Being forced to wear shackles while out of his cell was also likely out of step with the Standard Minimum Rules, which state: “Instruments of restraint, such as handcuffs, chains, irons and strait-jackets, shall never be applied as a punishment.”

Manning’s forced nudity clearly breached the letter and spirit of the Standard Minimum Rules’ stipulation that “An untried prisoner shall be allowed to wear his own clothing if it is clean and suitable.”

At the time of some of Manning’s most egregious treatment at the hands of his captors, the international community rallied to his defense, issuing strongly worded condemnations of U.S. actions which seemed to have a real effect in improving his living conditions.

In January 2011, for example, while Manning was being held in prolonged solitary confinement, Amnesty International sent a letter to Defense Secretary Robert Gates, calling Manning’s detention “unnecessarily harsh and punitive” and in “breach of the USA’s obligations under international standards and treaties.”

According to Amnesty:

The conditions under which PFC Manning is held appear to breach the USA’s obligations under international standards and treaties, including Article 10 of the International Covenant on Civil and Political Rights (ICCPR) which the USA ratified in 1992 and which states that “all persons deprived of their liberty shall be treated with humanity and with respect for the inherent dignity of the human person”. The UN Human Rights Committee, the ICCPR monitoring body, has noted in its General Comment on Article 10 that persons deprived of their liberty may not be “subjected to any hardship or constraint other than that resulting from the deprivation of liberty; respect for the dignity of such persons must be guaranteed under the same conditions as for that of free persons …”.

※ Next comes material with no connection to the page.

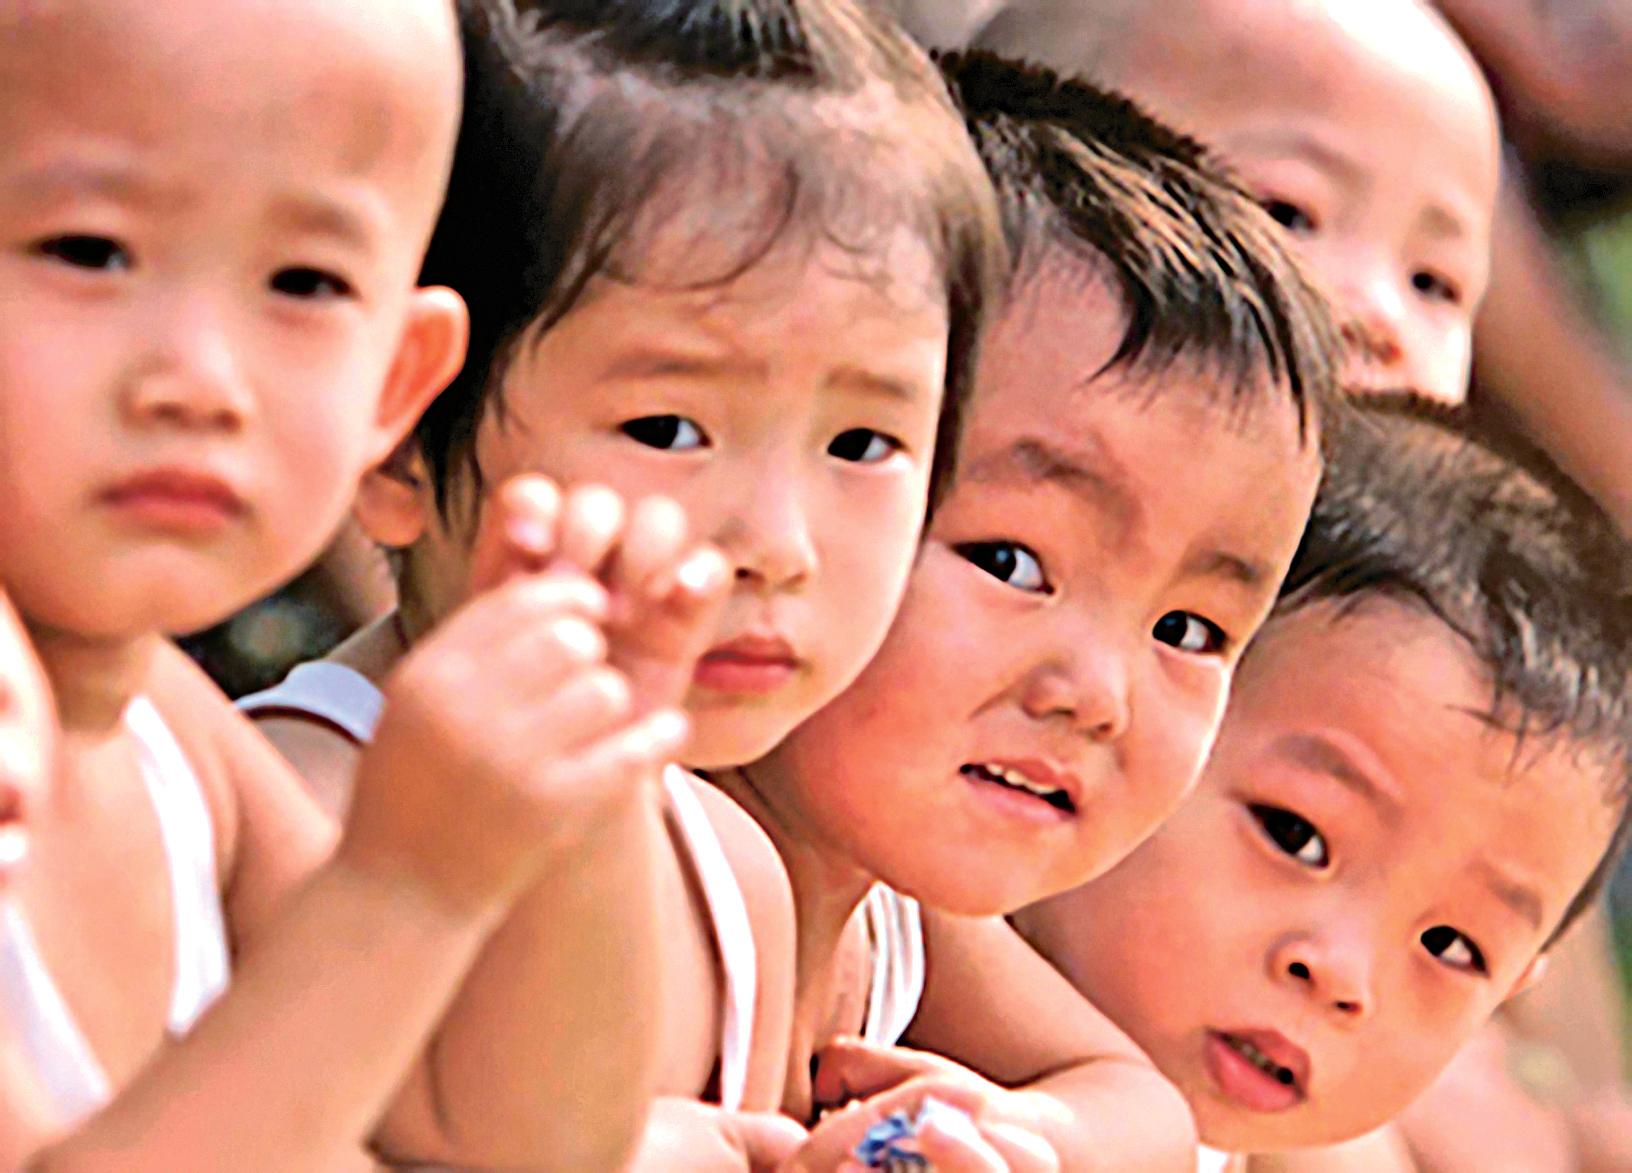 美媒報道,中國每年墮胎2,300萬例,平均每天逾63,000名胎兒死於墮胎,很多是當局強迫所致。圖為中國兒童。(AFP)

In an open letter to President Obama, members of Congress and Pentagon officials in November 2011, members of the European Parliament expressed concern that “Manning has been subjected to prolonged solitary confinement and other abusive treatment tantamount to torture.”

Manning’s solitary confinement regime “constitute[d] at a minimum cruel, inhuman and degrading treatment in violation of article 16 of the convention against torture,” according to Juan Mendez, the UN Special Rapporteur on Torture. “If the effects in regards to pain and suffering inflicted on Manning were more severe, they could constitute torture,” he told the Guardian in 2012.

Largely in response to this international pressure, Manning was removed from solitary confinement and placed in medium security at Fort Leavenworth prison in April 2011.

Even the military judge, Col. Denise Lind, eventually agreed that the treatment he received was “more rigorous than necessary.”  At a pre-trial hearing in January 2013, she ruled that Manning had been subjected to illegal pre-trial punishment while held in a military prison in Quantico, Virginia.

Despite his supporters’ pleas that the remedy for this unlawful treatment should be immediate release from prison, Lind instead simply credited a total of 112 days toward any potential prison sentence Manning receives if convicted. (What this means if he receives a death sentence or life without parole is unclear.)

Unfortunately, since the partial victory in 2011 that resulted in slightly improved living conditions for the accused whistleblower, the international community and leading human rights organizations have largely remained silent over Manning’s case.

As David Cronin recently pointed out at CounterPunch,

Catherine Ashton, the EU’s foreign policy chief, is a fearless defender of human rights – when it suits her. Happy to champion political prisoners in Iran and Ukraine, she is prepared to overlook persecution when it is carried out with the approval of her bosom buddies in Washington.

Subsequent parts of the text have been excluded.